Diagnostic steps: (1) List topic configs: kafka-configs.sh --bootstrap-server localhost:9092 --entity-type topics --entity-name <topic> --describe; (2) Check broker logs for log cleaner output: grep for "Retention" in server.log; (3) Monitor broker metric kafka.log.log-retention-run-ms and deleted-log-start-offset to see segment deletion rate; (4) Verify ISR (In-Sync Replicas): kafka-topics.sh --describe to ensure all brokers are in sync (slow brokers trigger earlier retention).

Common root cause: A topic has retention.hours=24 override that's lower than global setting. Or a slow replica is out of sync, triggering min.insync.replicas and forcing old segments to be retained locally pending replication catch-up.


  Follow-up: If a replica is severely lagged and blocking deletion, how do you safely remove it without data loss? Should you increase retention temporarily or failover the replica?



  Your consumer is fetching 1GB of messages from offset 100000. The broker returns messages with gaps (offsets 100000-100100, then jump to 100500). This seems to violate sequential log reads. What's happening?
  This is normal and expected. Kafka offsets are not guaranteed to be sequential within a partition because: (1) Log compaction removes older versions of keyed messages, leaving only the latest version, which creates offset gaps; (2) Aborted transactions (failed writes) can leave skipped offset ranges; (3) If a broker crashed during log segment rotation, the last segment might be corrupted and excluded from serving, skipping offsets.
Why it's correct: Offsets are logical sequence numbers, not physical positions.
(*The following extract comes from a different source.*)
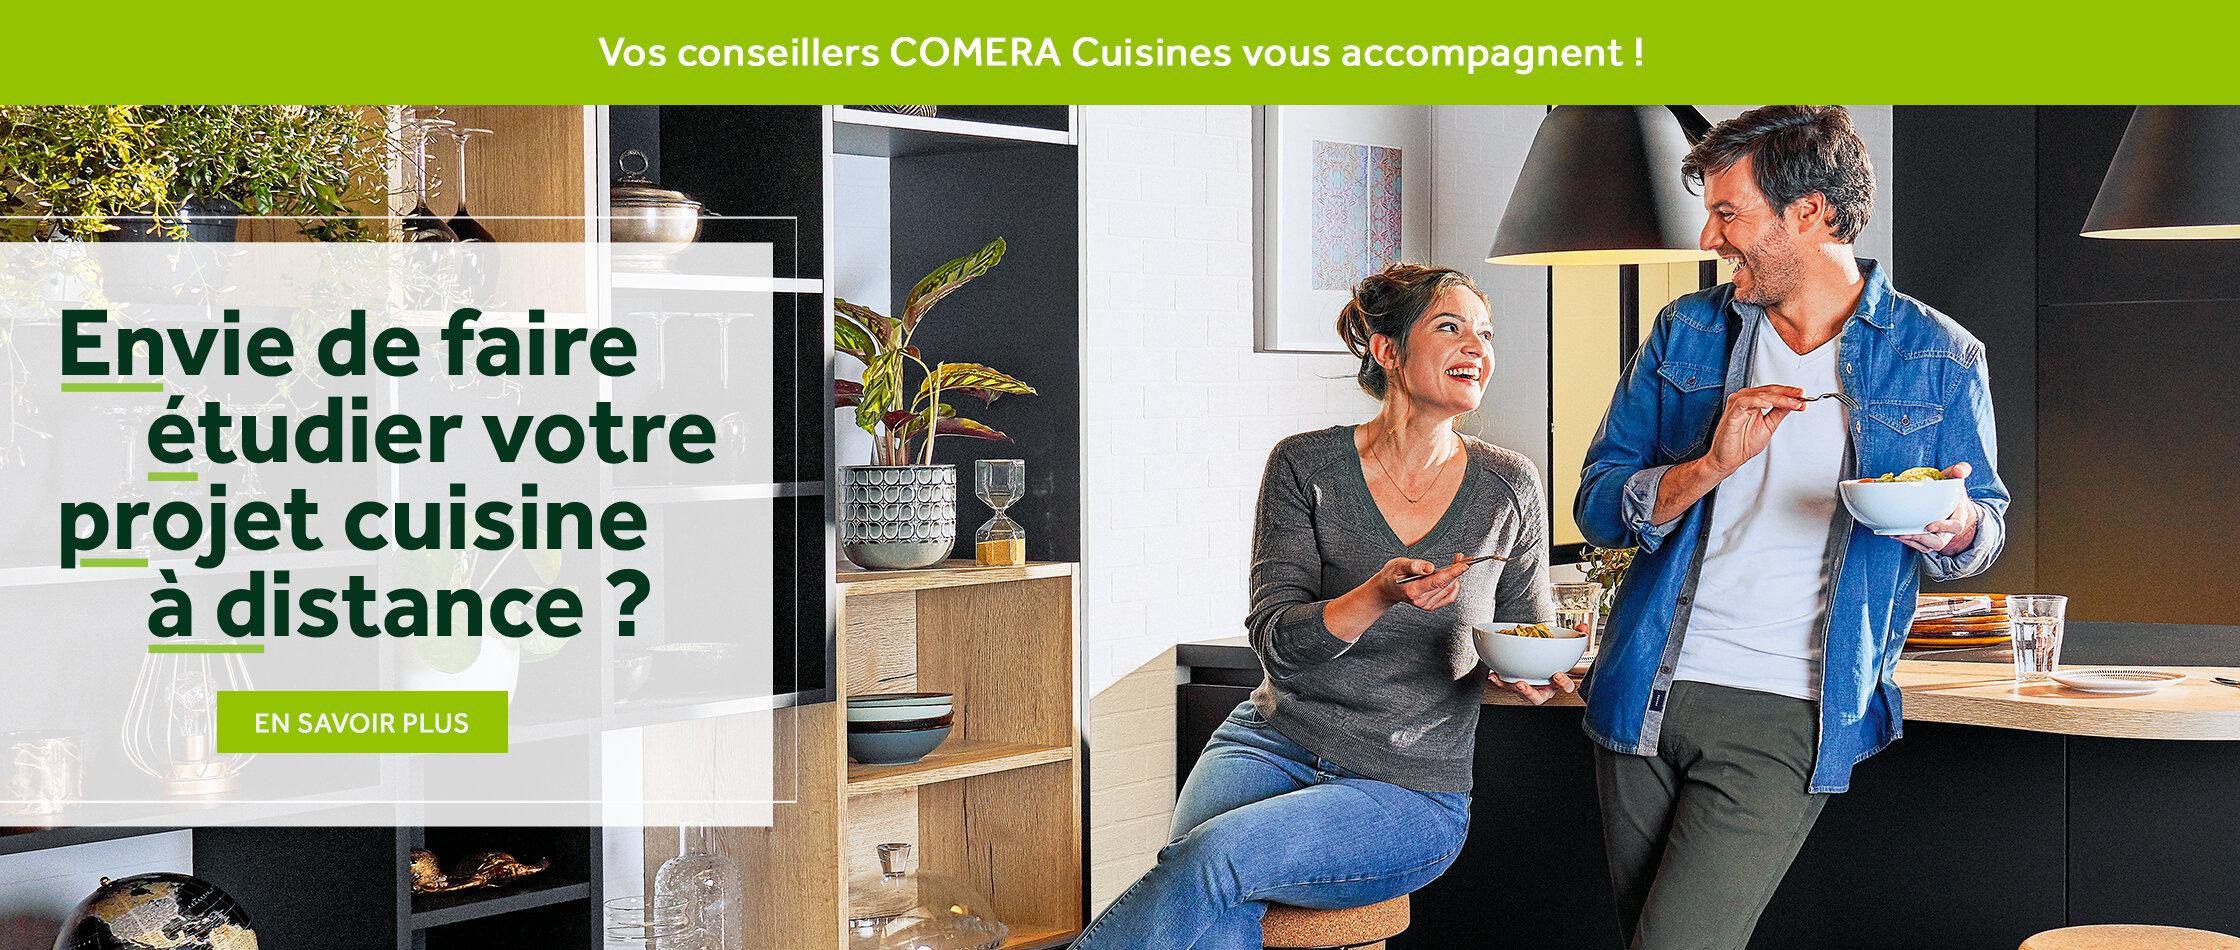 projet-cuisines-amenagees-distance-comera-cuisines

They're guaranteed to be monotonically increasing, but not contiguous. Your consumer must handle gaps by checking the offset field of each message rather than assuming sequential offsets.
Code pattern: When consuming, store the last seen offset: for (ConsumerRecord<> record : records) { processMessage(record); lastOffset = record.offset(); } Always use record.offset(), not an incrementing counter.
Production impact: A data pipeline that assumed sequential offsets crashed when offset gaps appeared during log compaction. Fixed by iterating offset field instead of assuming +1 increments.
  Follow-up: How do offset gaps interact with consumer group rebalancing? If a consumer crashes after processing offset 100500, will the rebalanced consumer replay 100101-100499, or skip them?